━━━ Data shown

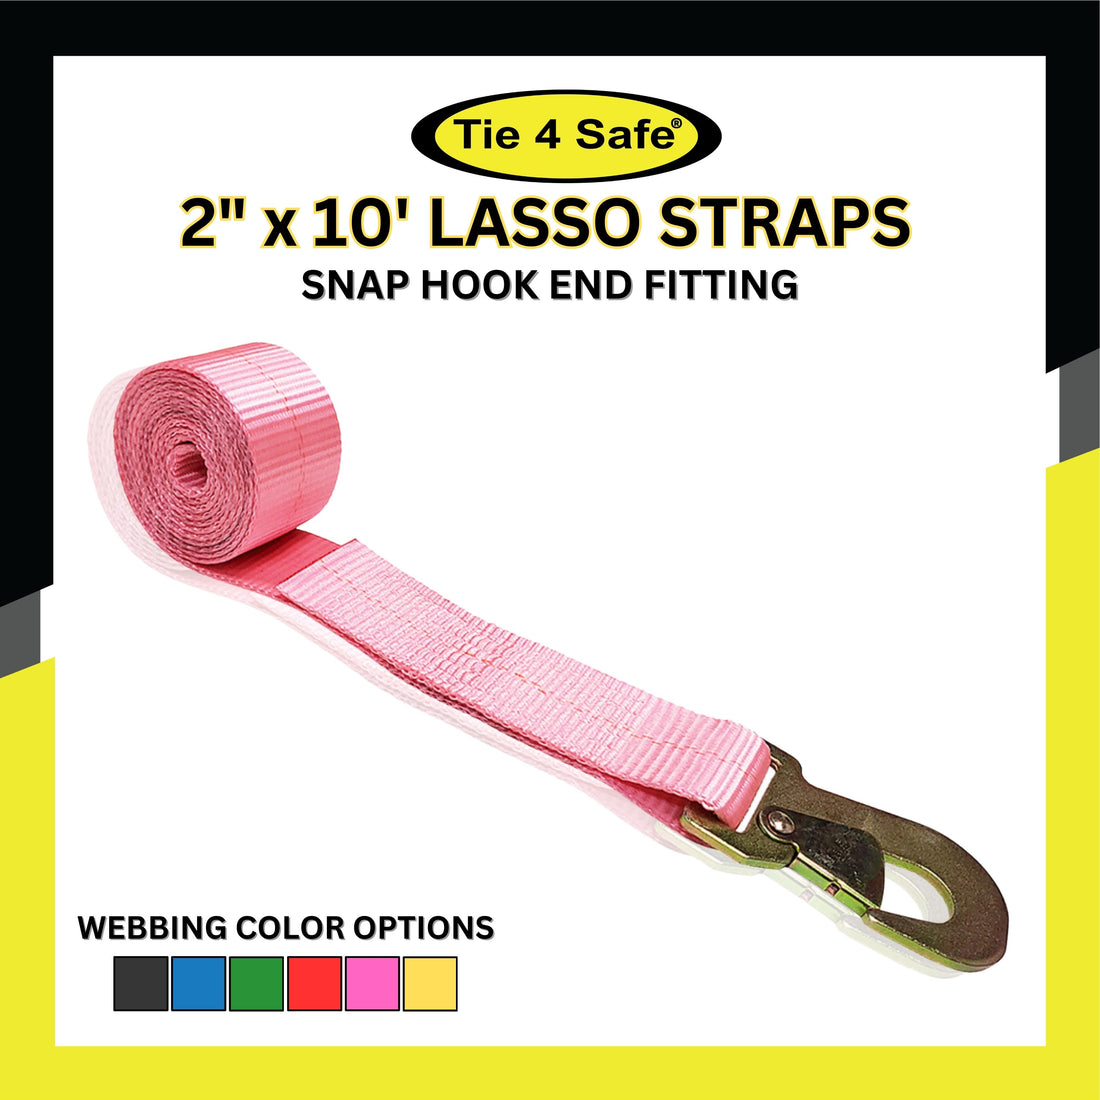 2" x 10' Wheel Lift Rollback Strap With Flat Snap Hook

━━━━━━
━━━ Data shown

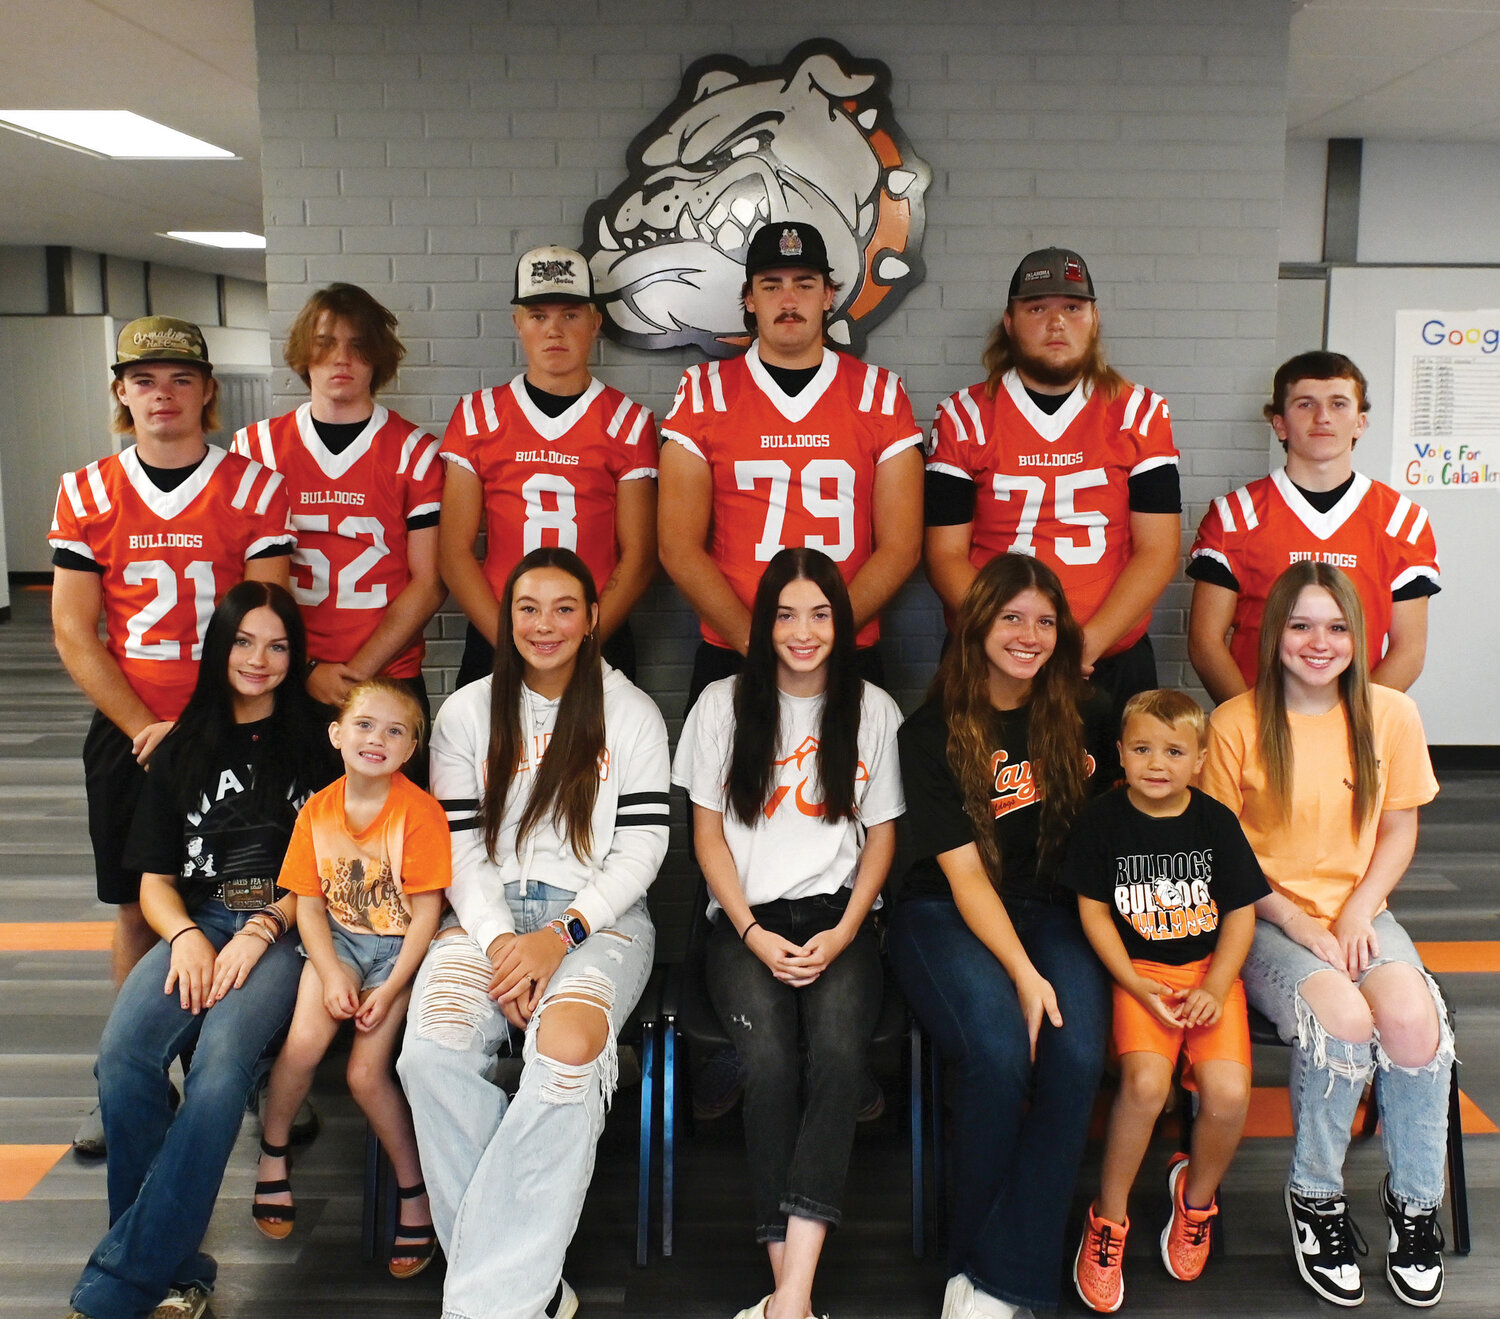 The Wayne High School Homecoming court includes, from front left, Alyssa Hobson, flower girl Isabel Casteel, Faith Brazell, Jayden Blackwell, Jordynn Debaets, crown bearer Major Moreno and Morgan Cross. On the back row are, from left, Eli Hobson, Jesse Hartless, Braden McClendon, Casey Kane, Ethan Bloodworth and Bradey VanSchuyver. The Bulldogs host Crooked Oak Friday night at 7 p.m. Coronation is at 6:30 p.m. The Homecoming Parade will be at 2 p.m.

━━━━━━
━━━ Data shown

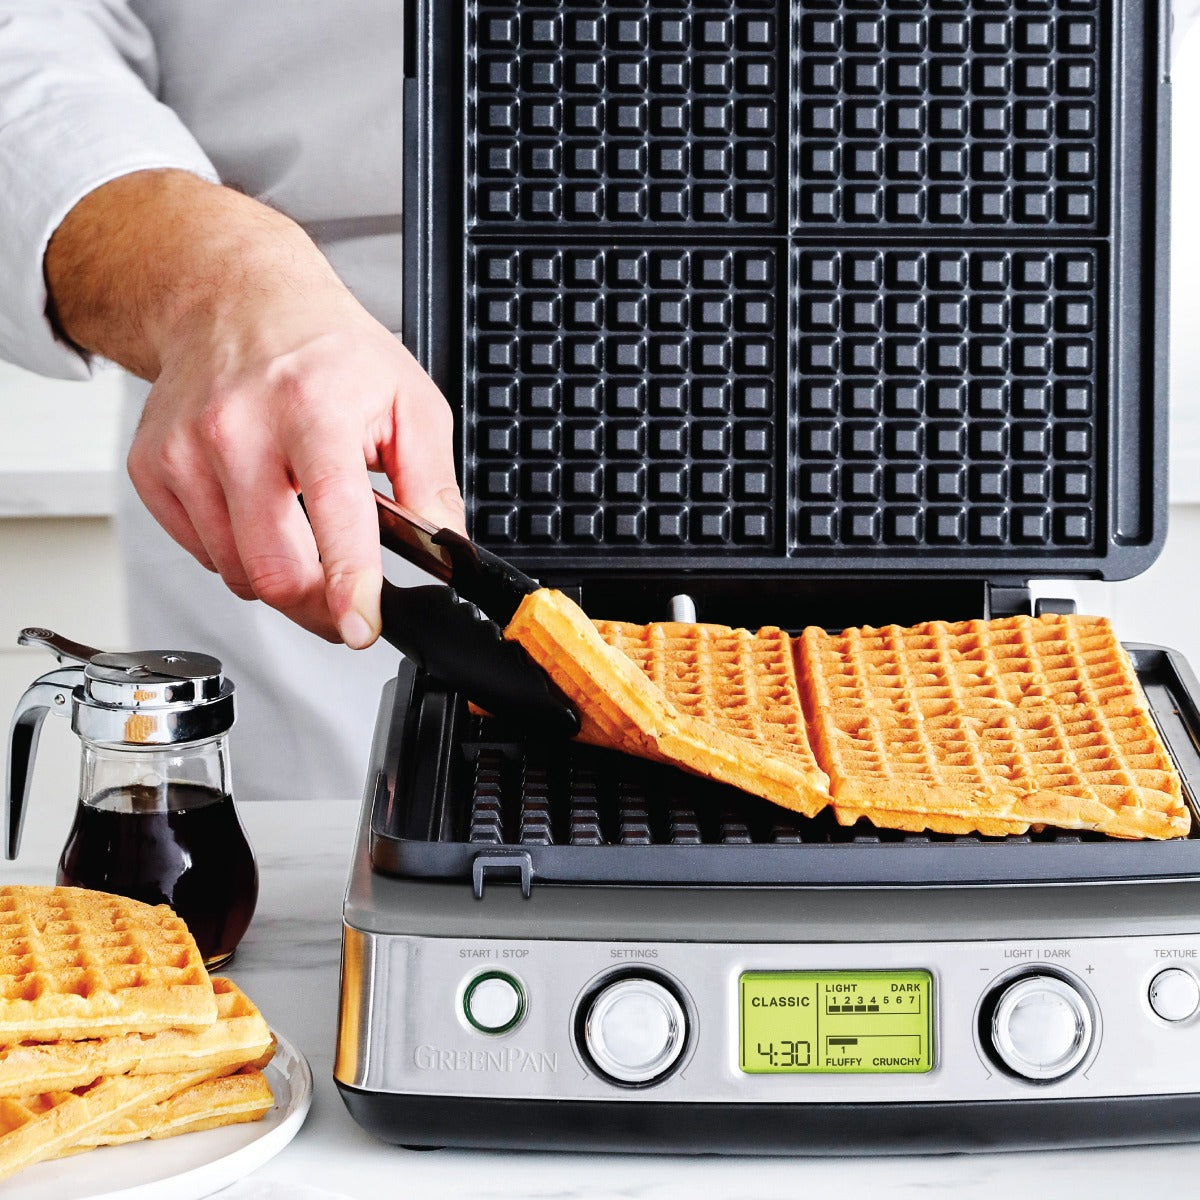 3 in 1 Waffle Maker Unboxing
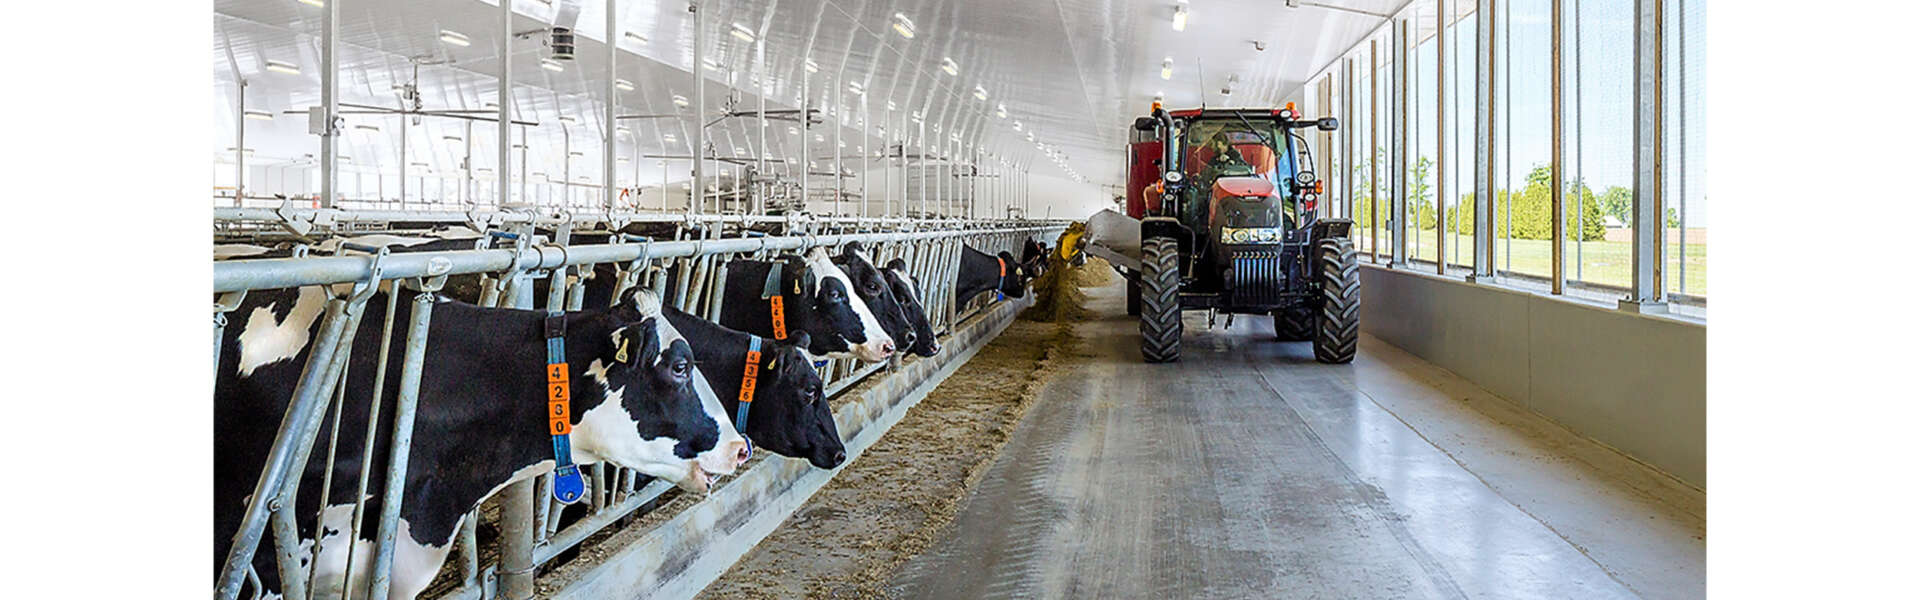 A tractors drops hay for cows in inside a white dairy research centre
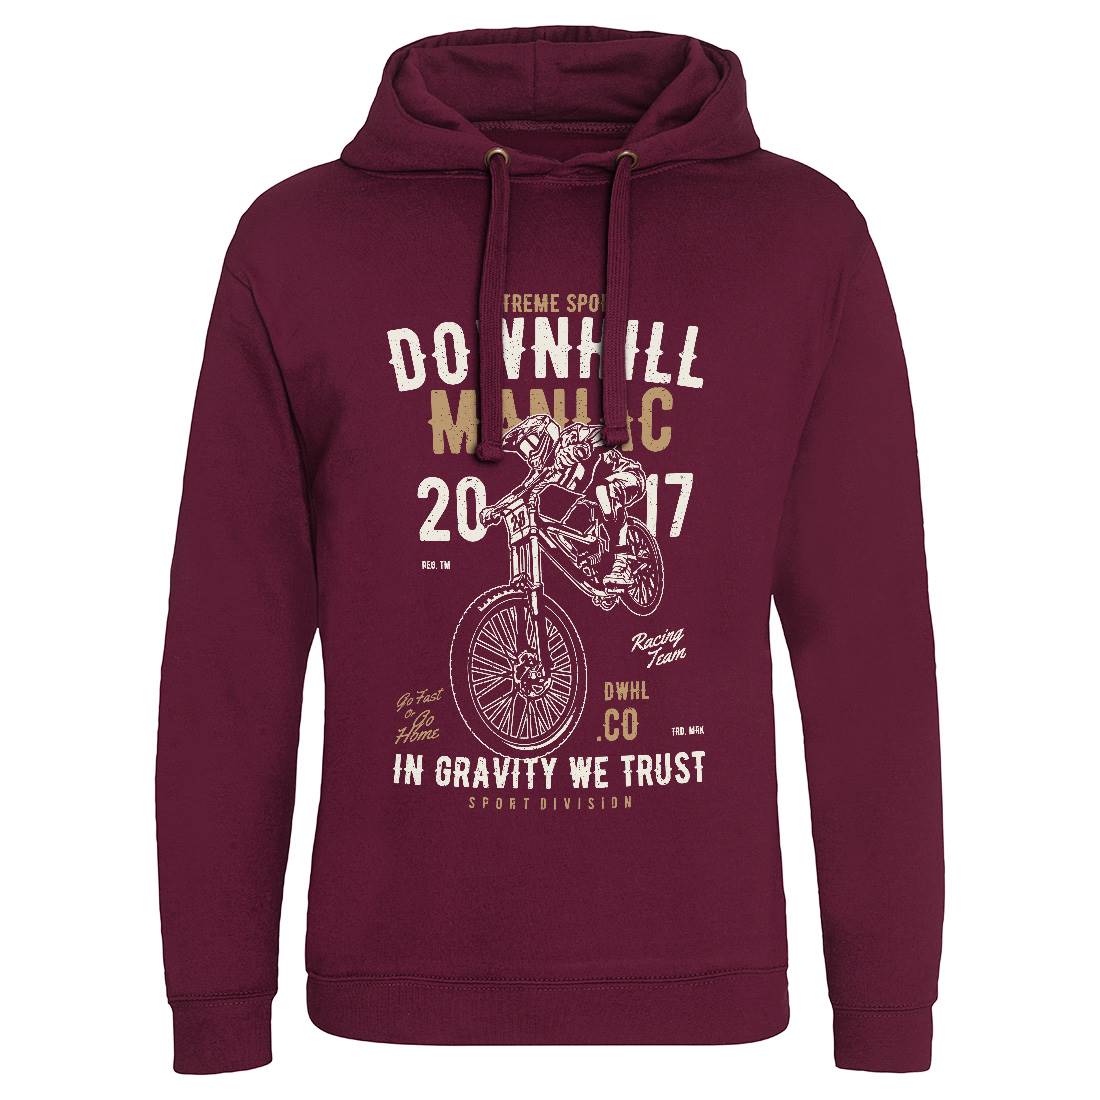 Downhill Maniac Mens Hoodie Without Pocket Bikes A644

━━━━━━

* Your objective *
No picture is to be printed. Output exactly the lines above from the line containing "A tractors drops" through the line containing "Downhill Maniac Mens".

* Task result *
 A tractors drops hay for cows in inside a white dairy research centre
 Downhill Maniac Mens Hoodie Without Pocket Bikes A644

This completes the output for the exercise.